The scariest movie I've seen since The Ring

I spent my last 24 hours of freedom relaxing and watching a bunch of movies. Two of them were just dumb piles of action: Banlieue 13 (imdb | rotten tomatoes) was remarkable for the all the Parkour-ish action, while Smokin’ Aces (imdb | rotten tomatoes) was remarkable only for the extreme hotness of Alicia Keys. Both were fun to watch, but gone from my head the second they ended.

However, this afternoon I watched a documentary called Deliver Us From Evil (imdb | rotten tomatoes), and it’s going to stay with me for a long, long time. It was at the film festival last year and I wanted to see it then, as documentary filmmakers always shed more light on their films in person at festivals. However, the finished product is more then enough for me.

Director Amy Berg told the story of Oliver O’Grady, a catholic priest who sexually abused children in California in the 70s and 80s. She used extensive interviews with O’Grady himself (more on him in a minute) and with a few victims and their families, as well as deposition interviews with various members of the church. There was also analysis from lawyers, theologians and even a reformist priest. From a craft standpoint, Berg worked the story up perfectly from the small details to the bigger picture, including the dissection of how catholic doctrine and hierarchy could allow — even enable — this abuse to happen, and making sure not to absolve the highest of levels…even the current pope himself was connected to the scandals at the highest levels. Expertly done, and completely gripping.

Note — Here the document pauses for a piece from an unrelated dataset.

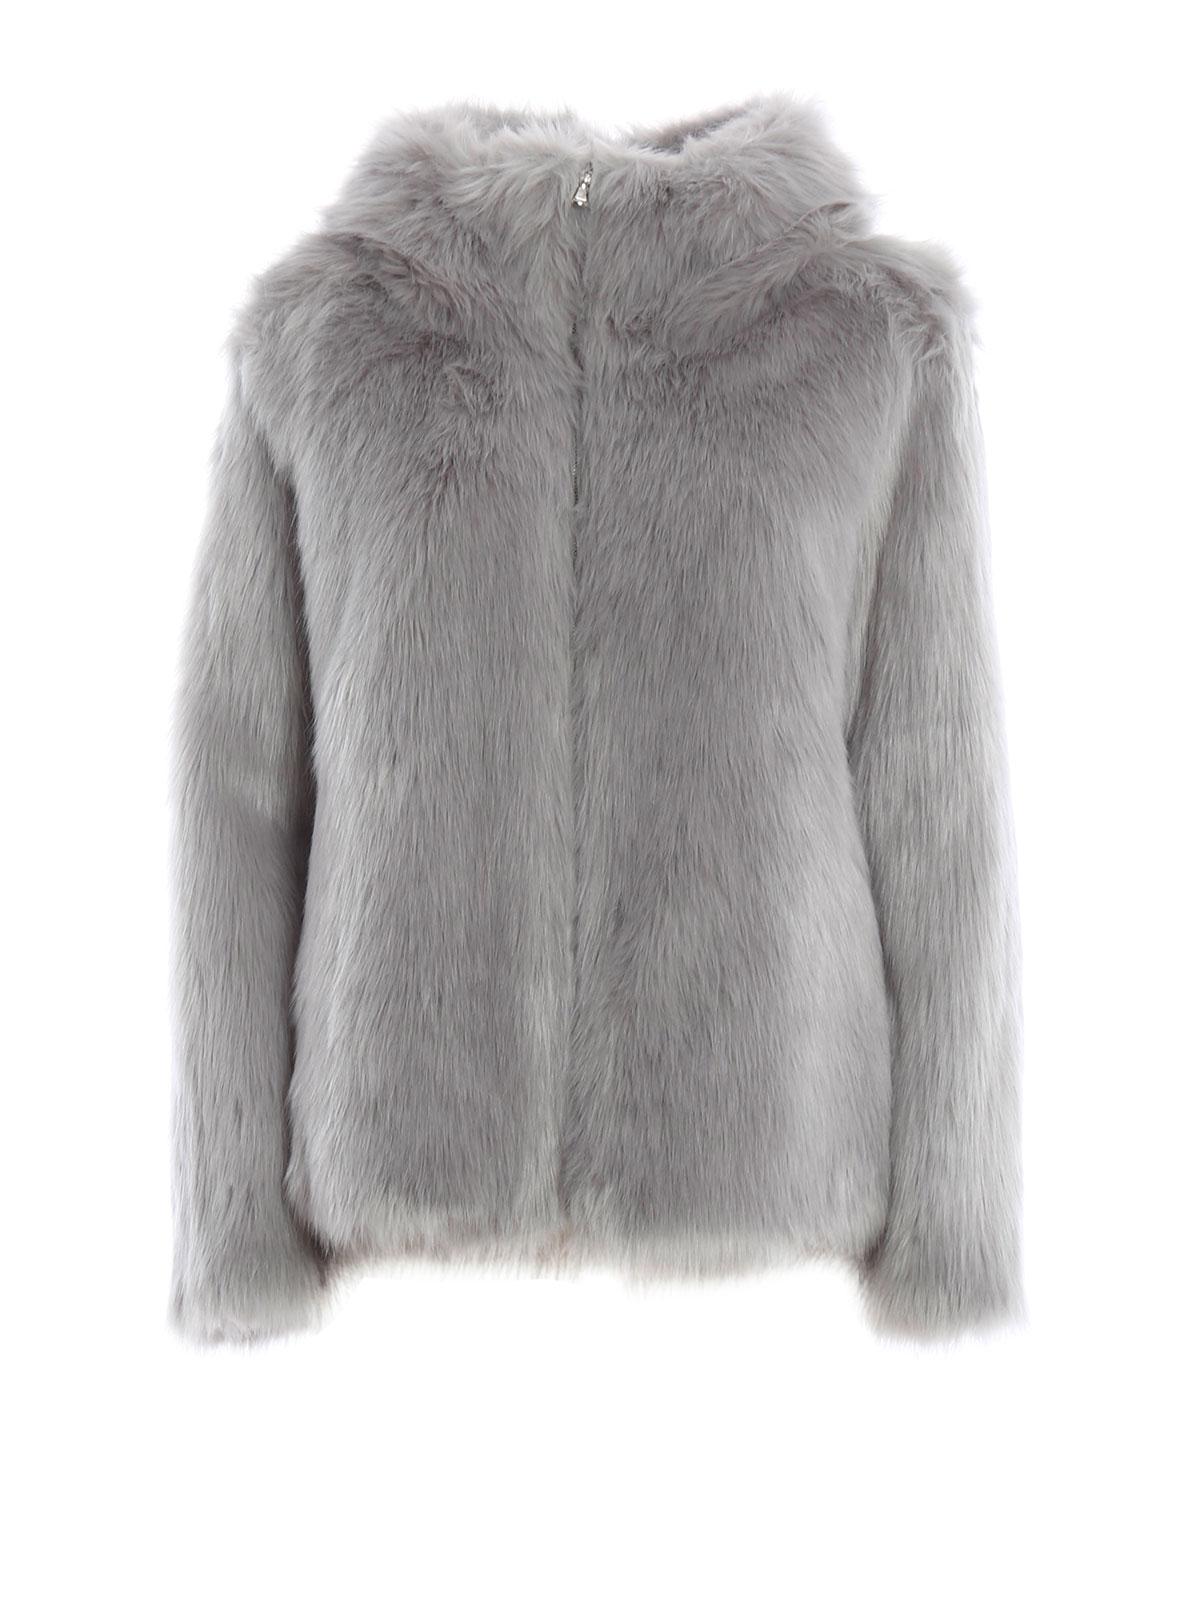 Faux Fur Short Jacket

O’Grady himself was difficult to watch. There can be no doubt that the man is a sociopath, but he seemed to hover on the fine line between disturbed and monstrous. I could never quite determine if his actions were the result of horrid intent or uncontrollable disease, but I never felt as if he were anything but evil. But he was one man, and he could have been stopped. For years the church protected itself by protecting him, moving him from one town to the next, giving him opportunity after opportunity to abuse and rape adults, children and even infants. While the film shows O’Grady through an unfiltered lens — the man needs no help in damning himself — the accusatory finger is firmly leveled at the California diocese and the church itself.

If you can stomach the subject matter — and it is very disturbing to watch O’Grady, because the man not only exhibits an utter lack of remorse, he still seems truly menacing — then I cannot recommend the film enough. And if you’re worried that it unfairly attacks Catholics, it doesn’t; it attacks self-serving power structures. As the afore-mentioned reformist priest said, “Real Catholics are revolutionaries, like Jesus. Did you ever notice that the only time Jesus got mad was when he went to church?”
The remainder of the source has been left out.